You will enhance ETL pipelines, work with Python, SQL and Pandas, and help scale research across assets. A Master/PhD in a quantitative field and 1–3 years of relevant experience are required.
Experience Early Career
Location
New York
Focus
Systematic Investing
Business
Cubist
Cubist Systematic Strategies is one of the world’s premier investment firms. The firm deploys systematic, computer-driven trading strategies across multiple liquid asset classes, including equities, futures, and foreign exchange. The core of our effort is rigorous research into a wide range of market anomalies, fueled by our unparalleled access to a wide range of publicly available data sources.

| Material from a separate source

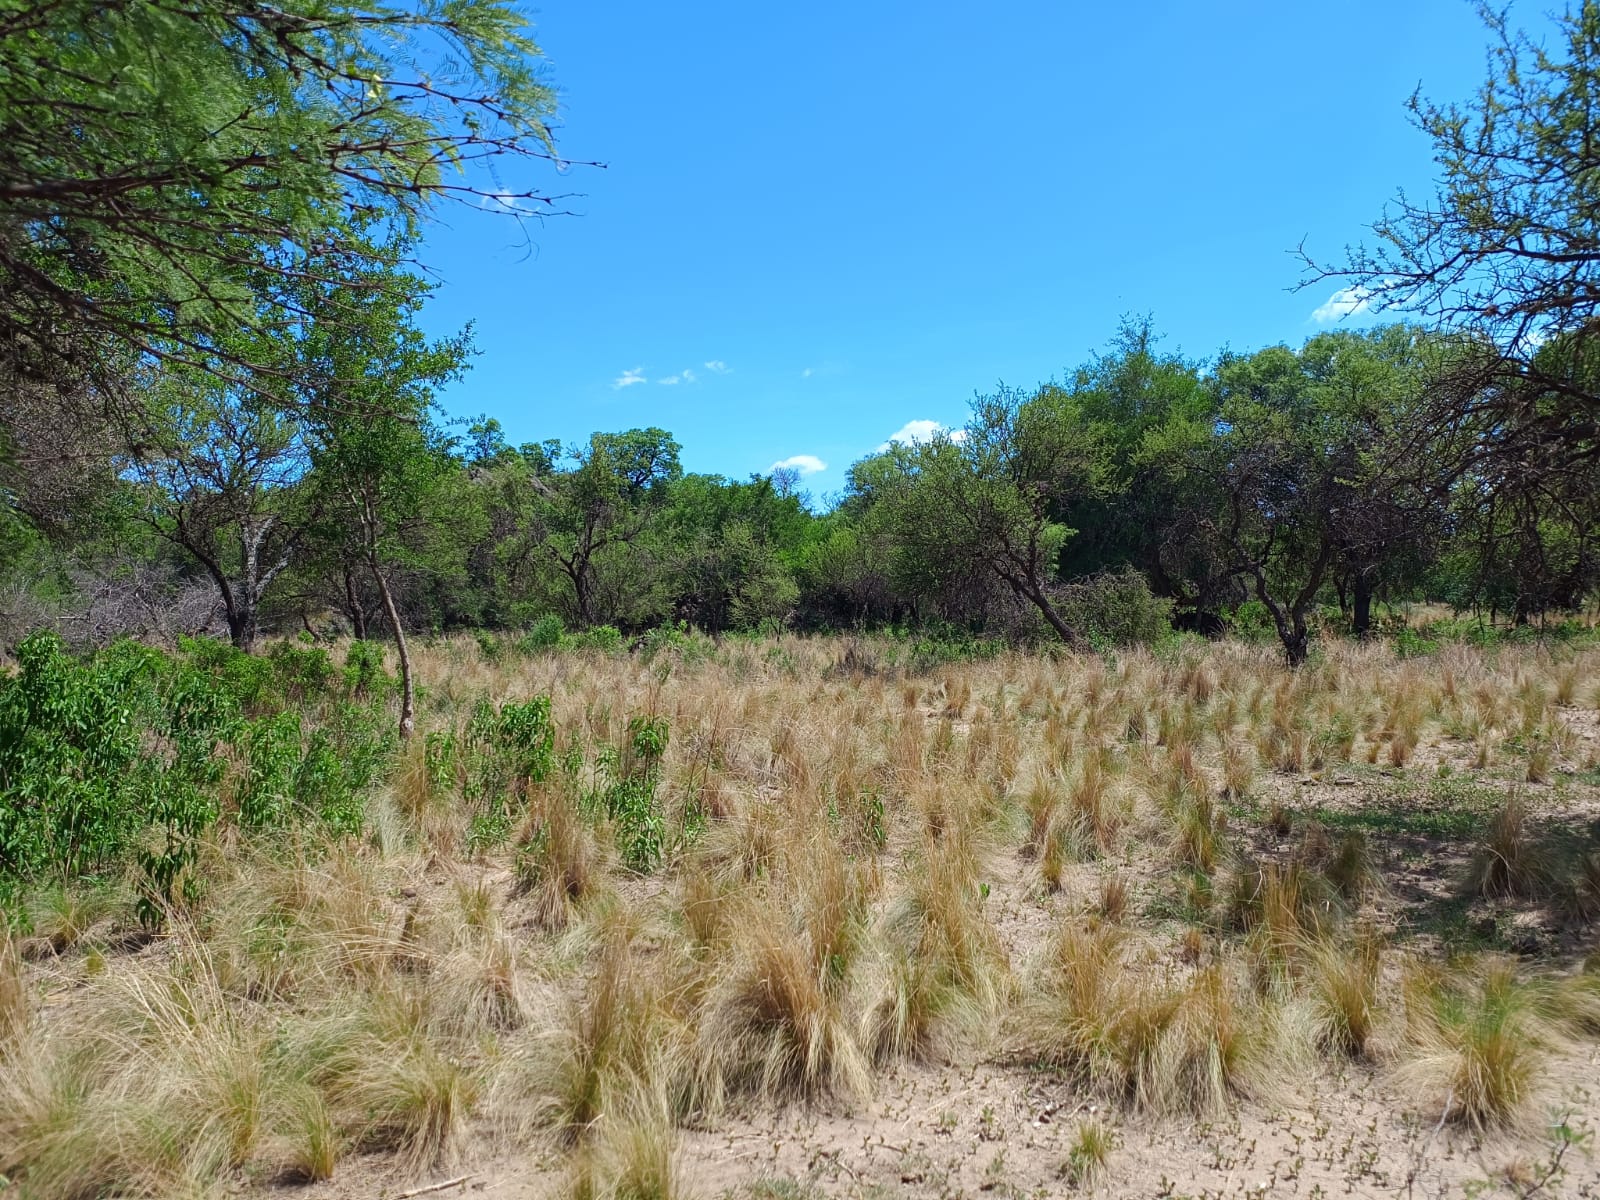 Salsacate Campo de 225 hectareas aprto cultivo Ganaderia Turismo

KEPL is a fast-growing team at Cubist Systematic Strategies. We are specialized in medium-frequency statistical arbitrage strategies with high Sharpe. The team is made up of people from top universities and top tier trading and tech firms, including: D.E. Shaw, Two Sigma, Citadel, Meta, Google, etc. We have an open and collaborative culture, and we value rigorous research and innovative technologies.
We are looking for a data engineer to join our team and contribute to multiple initiatives that aim to expand our business. The candidate should be passionate about financial market, data and technology. In this team, the candidate will gain full-stack exposure and build expertise in multiple aspects of quantitative trading.
The annual base salary range for this role is $200,000-$300,000 (USD) , which does not include discretionary bonus compensation or our comprehensive benefits package. Actual compensation offered to the successful candidate may vary from posted hiring range based upon geographic location, work experience, education, and/or skill level, among other things.